_AVAILABLE DATA:_
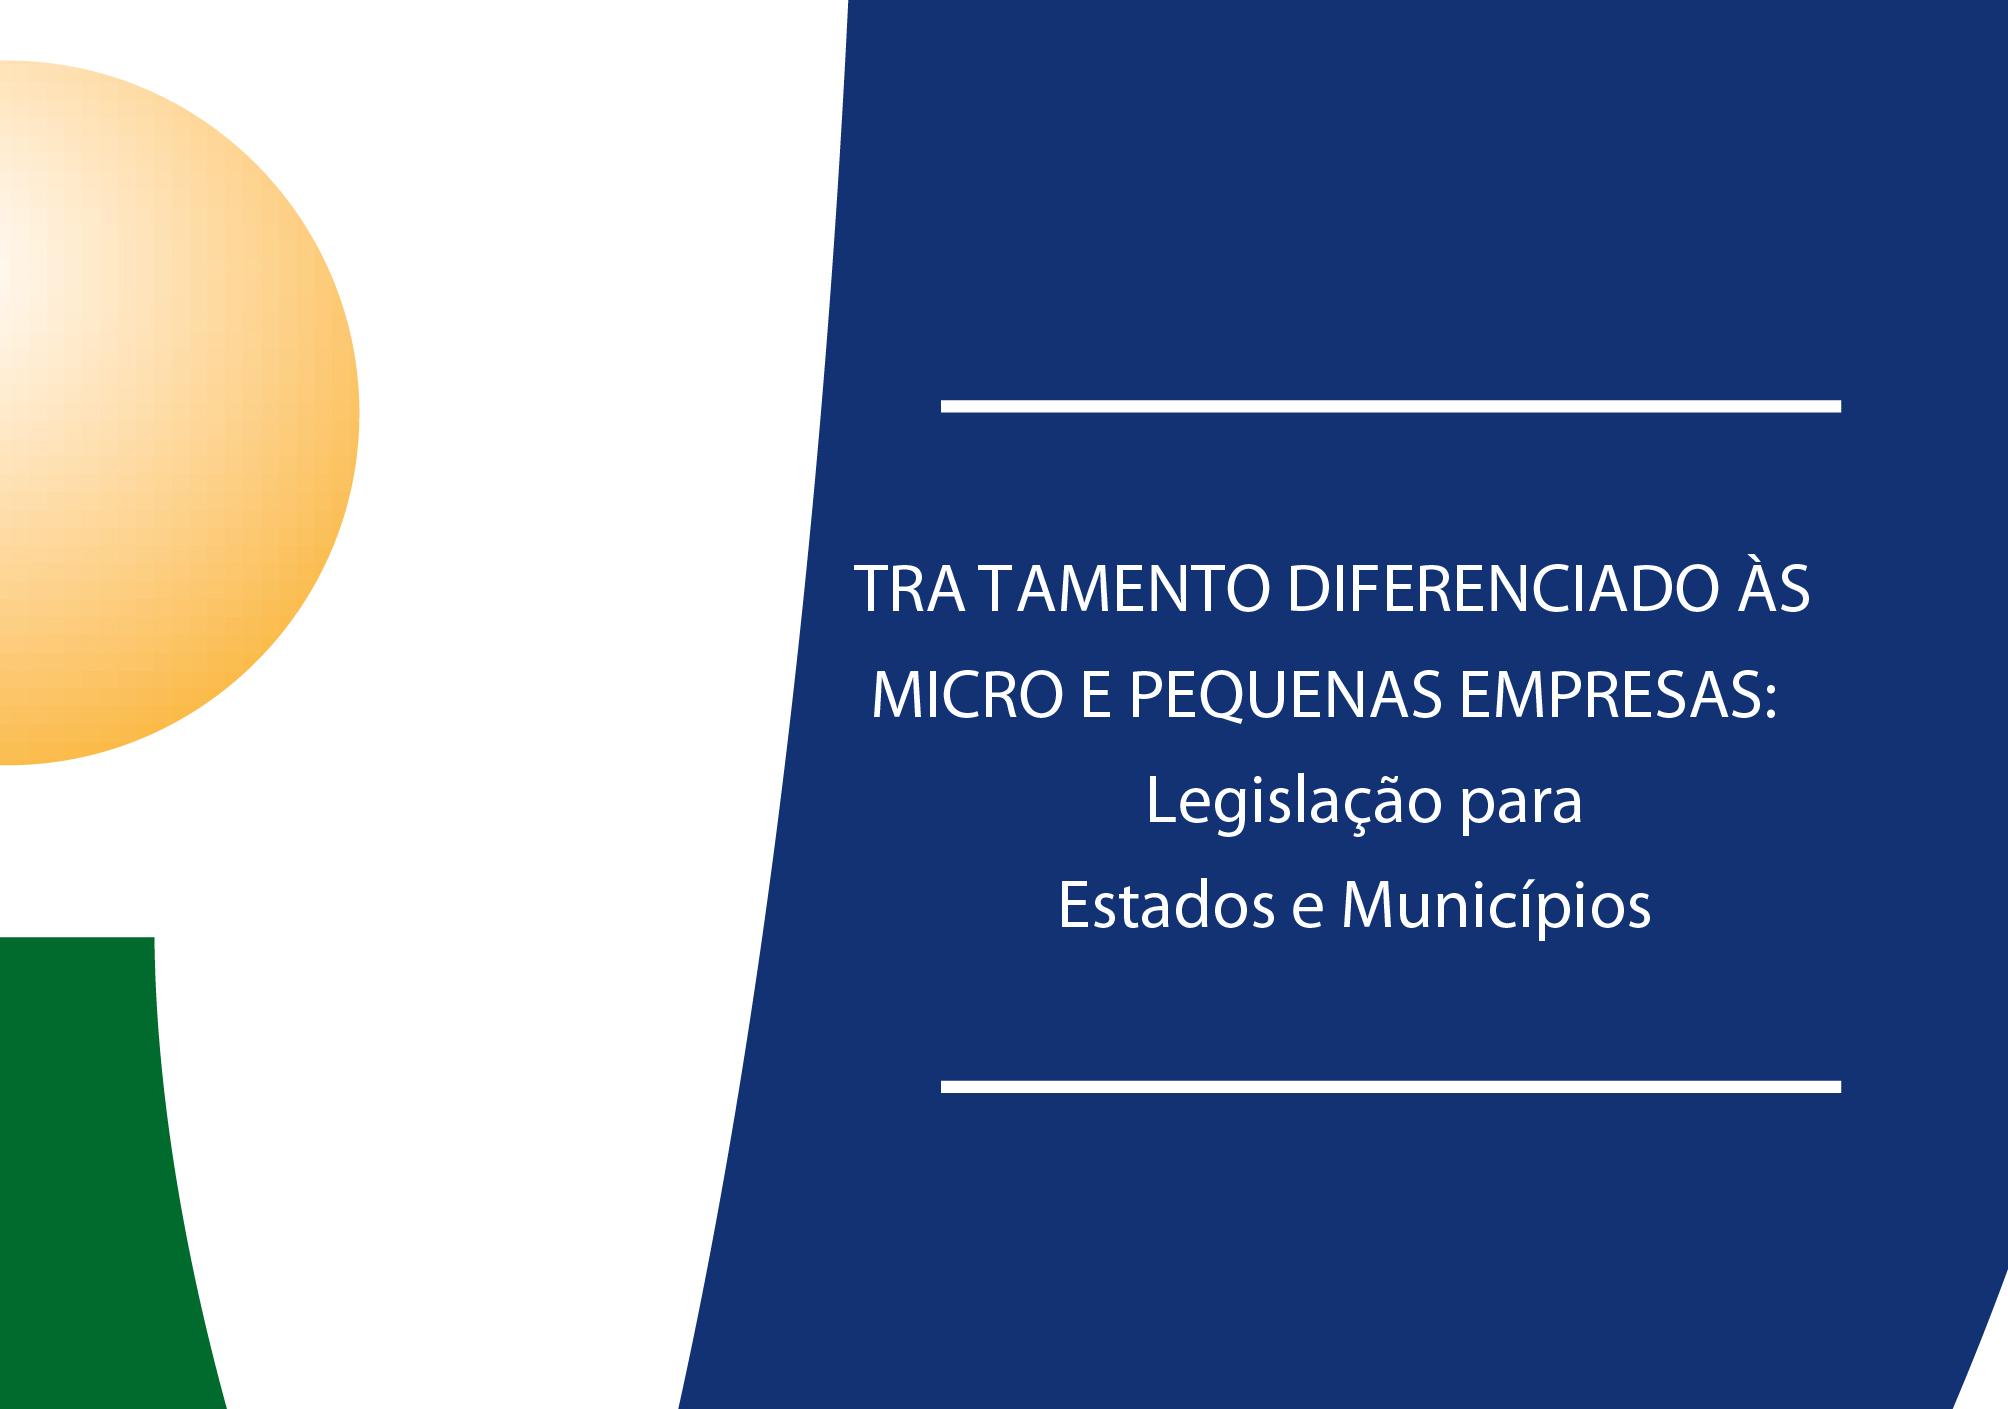 Cartilha sobre Micro e Pequenas Empresas voltada para Estados e Municípios já está disponível
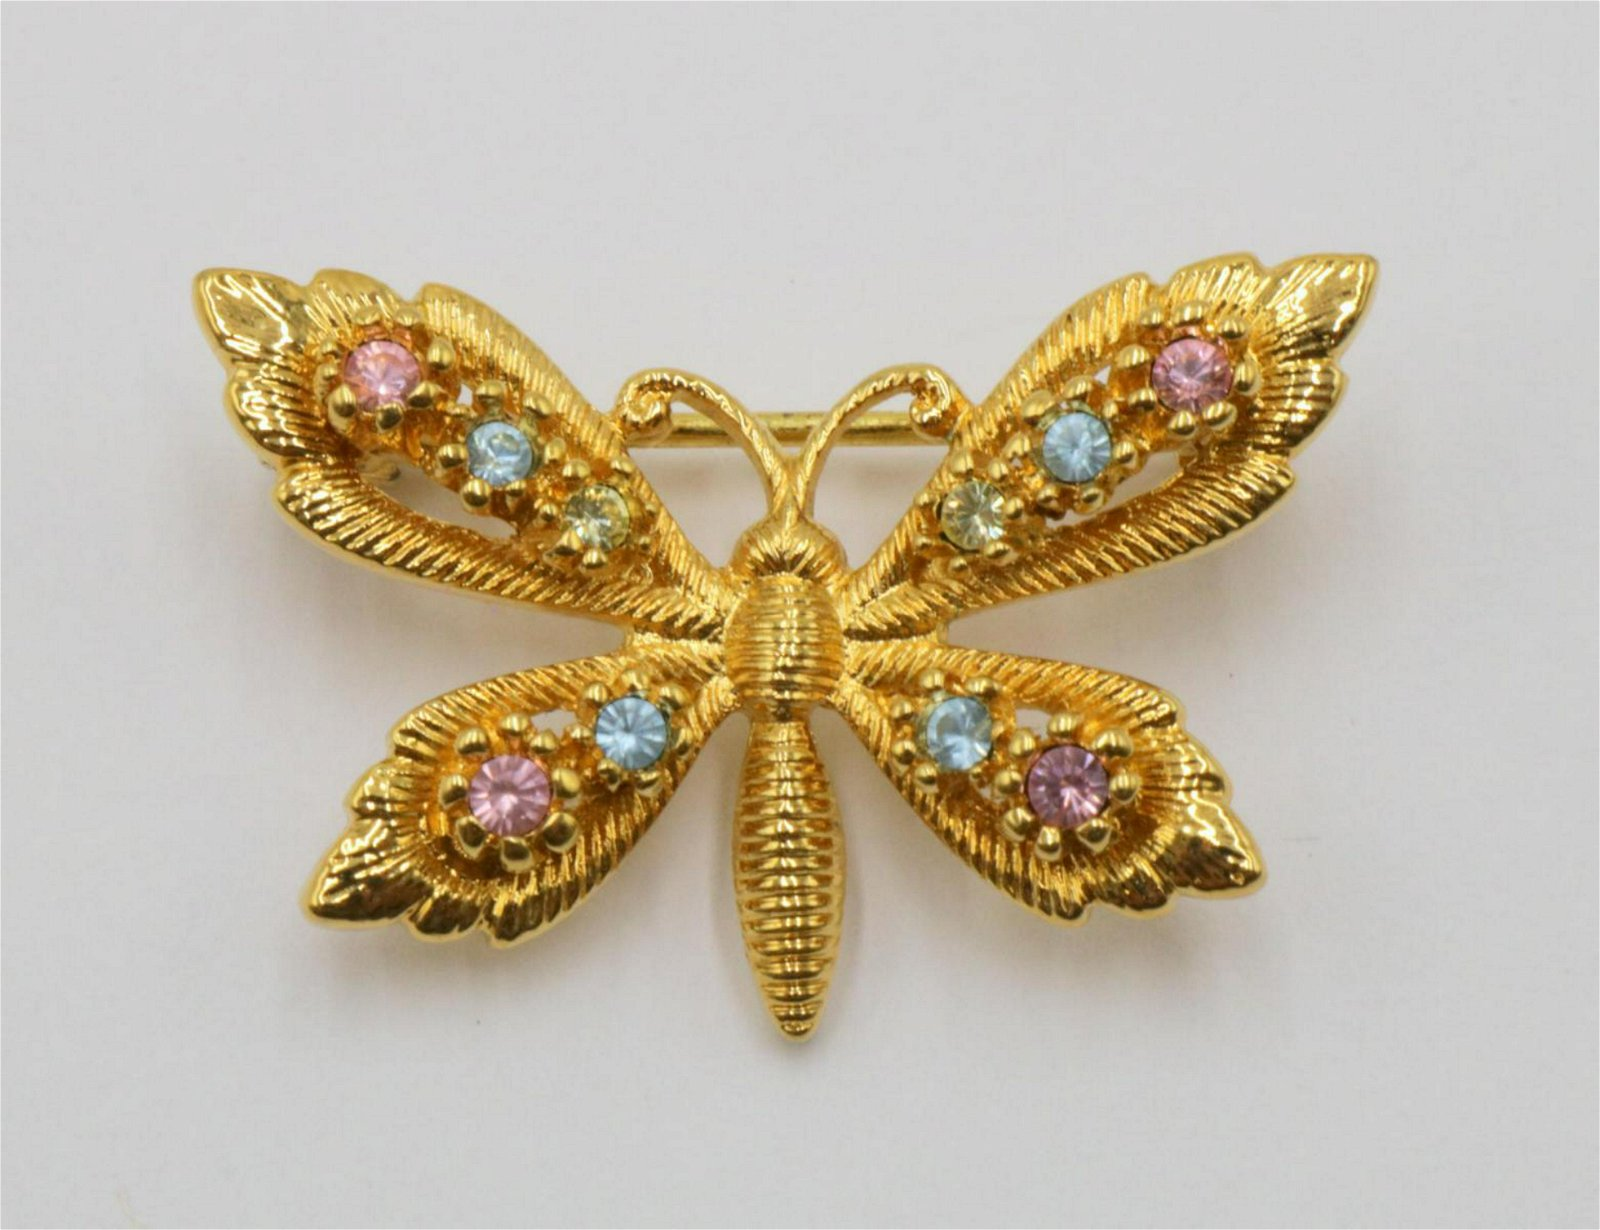 Swarovski Butterfly Pin
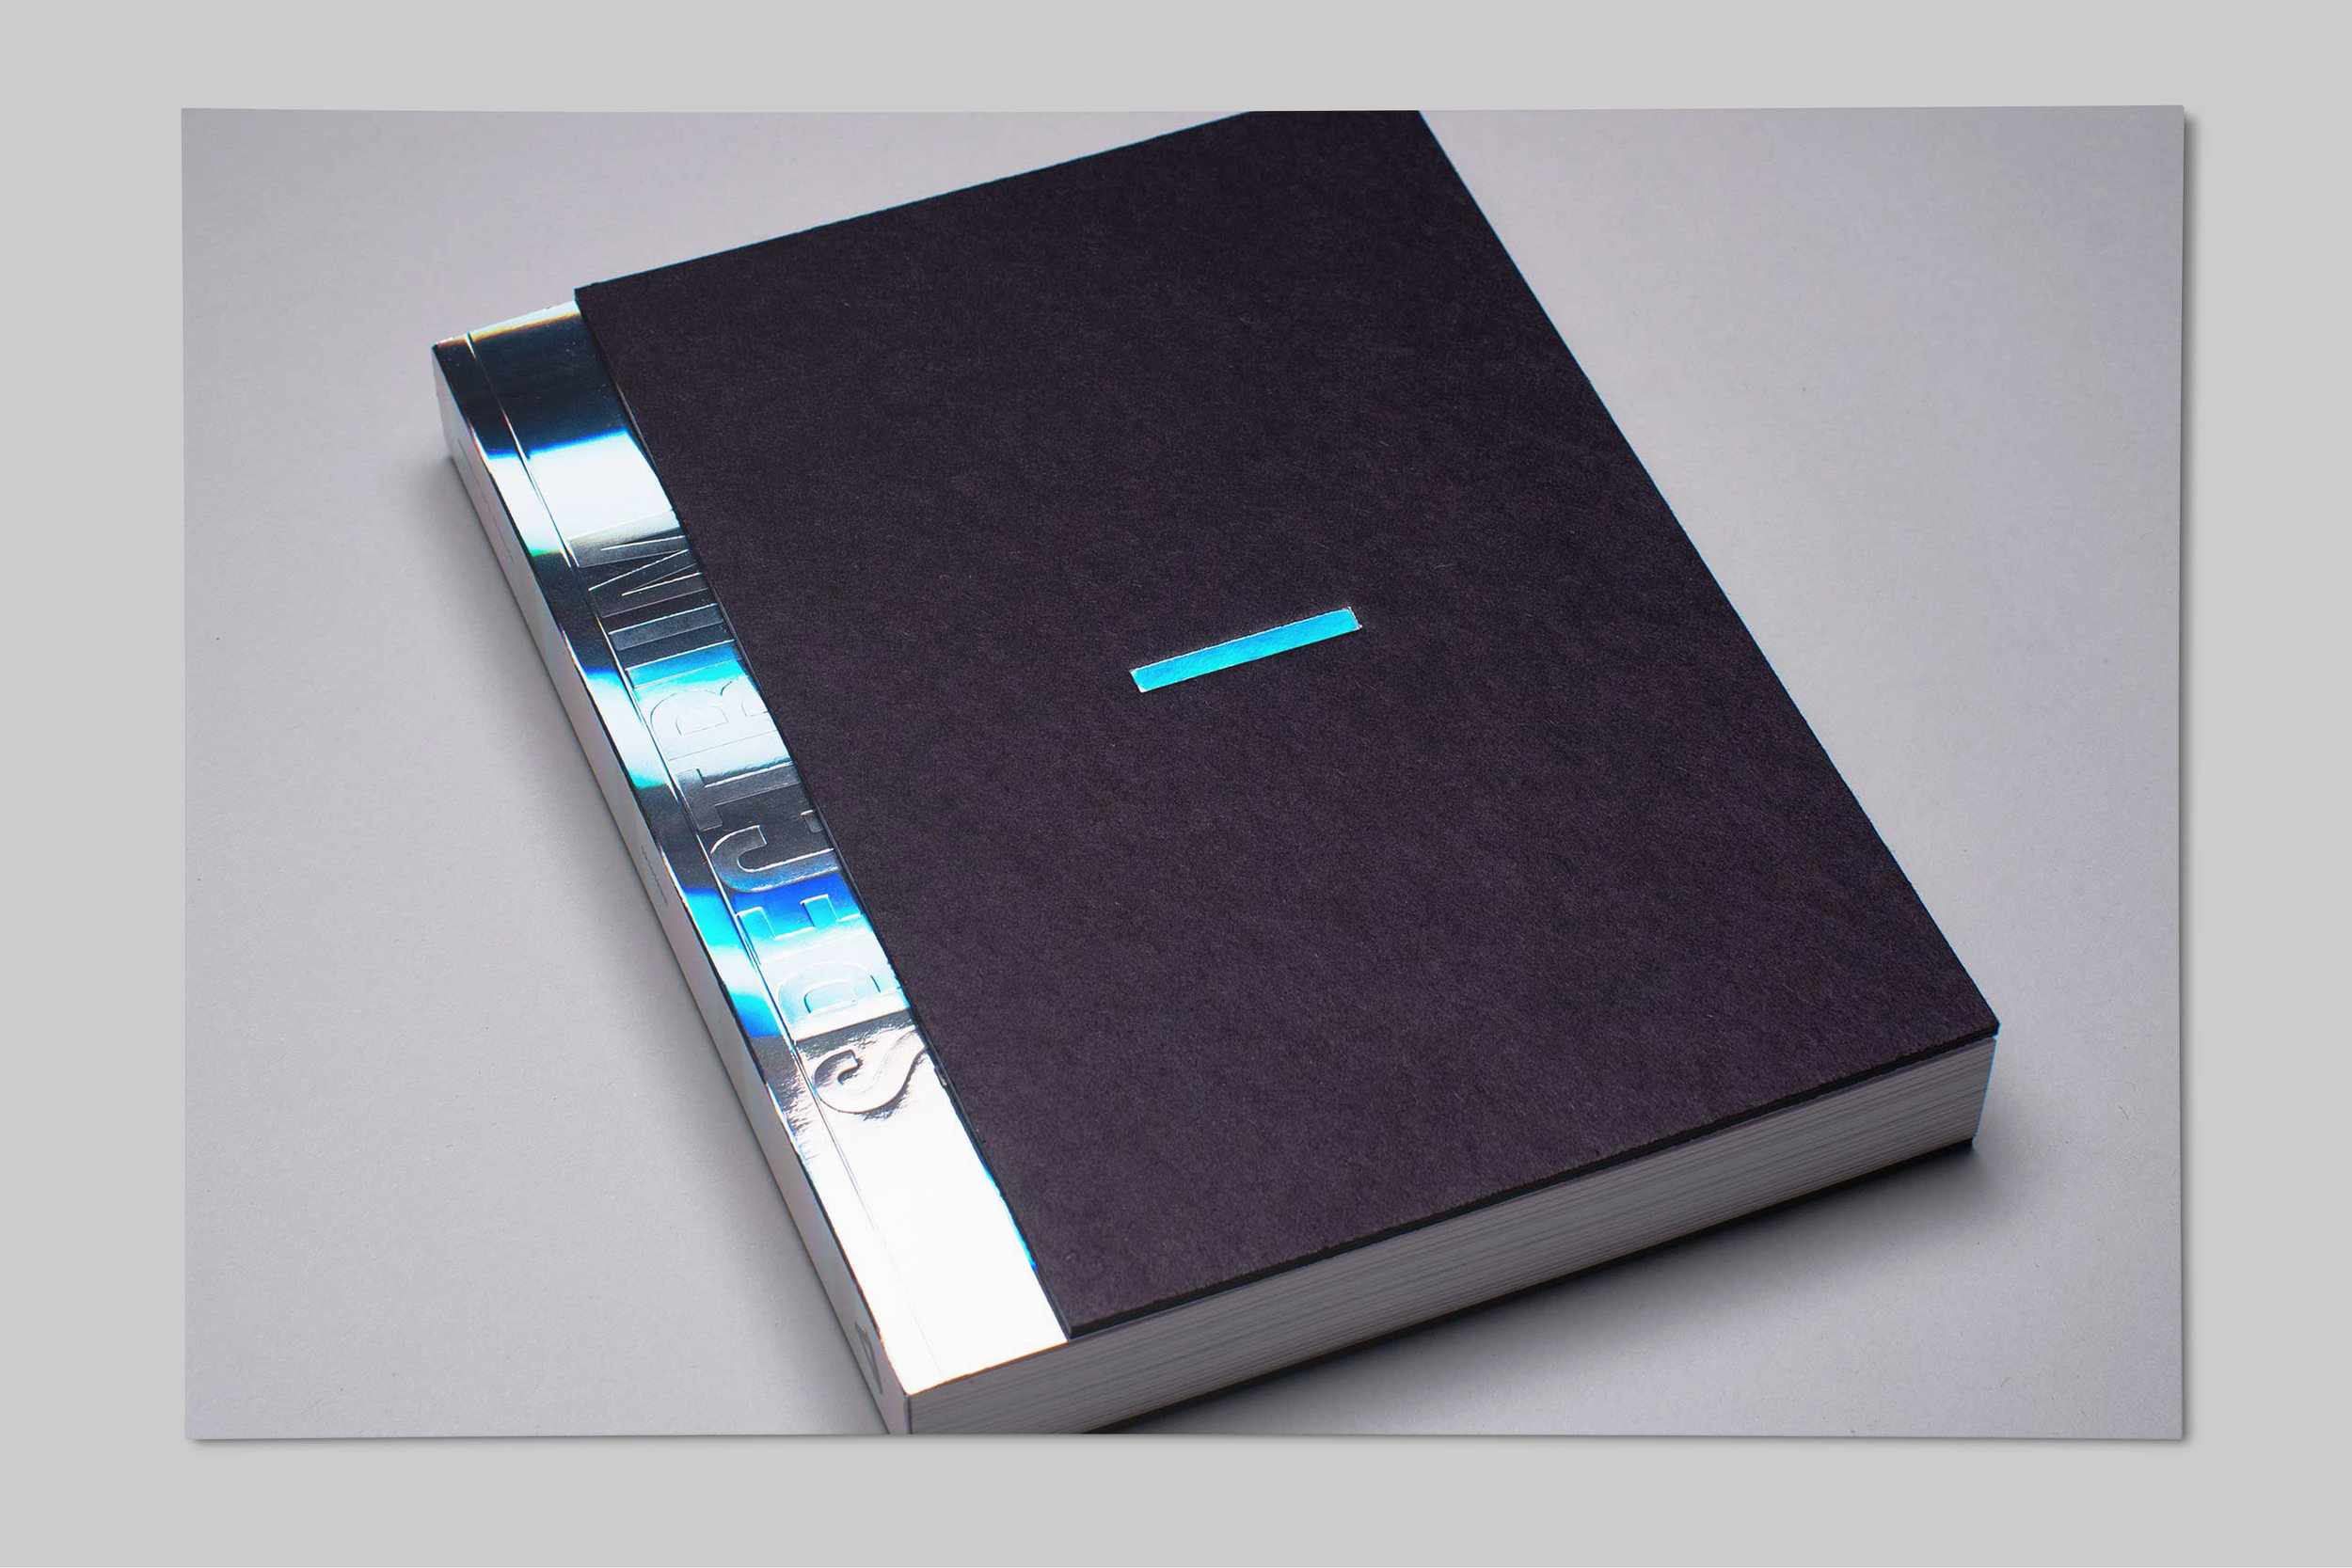 AppDirect Yearbook: Spectrum   Designed with Ben Domanico, Alex Capasso, Carolyn Cuykendall, and Joe Mayo

_PROMPT:_
The answer is the full listing above, reproduced character for character, minus its images.

_TASK SOLUTION:_
 Cartilha sobre Micro e Pequenas Empresas voltada para Estados e Municípios já está disponível
 Swarovski Butterfly Pin
 AppDirect Yearbook: Spectrum   Designed with Ben Domanico, Alex Capasso, Carolyn Cuykendall, and Joe Mayo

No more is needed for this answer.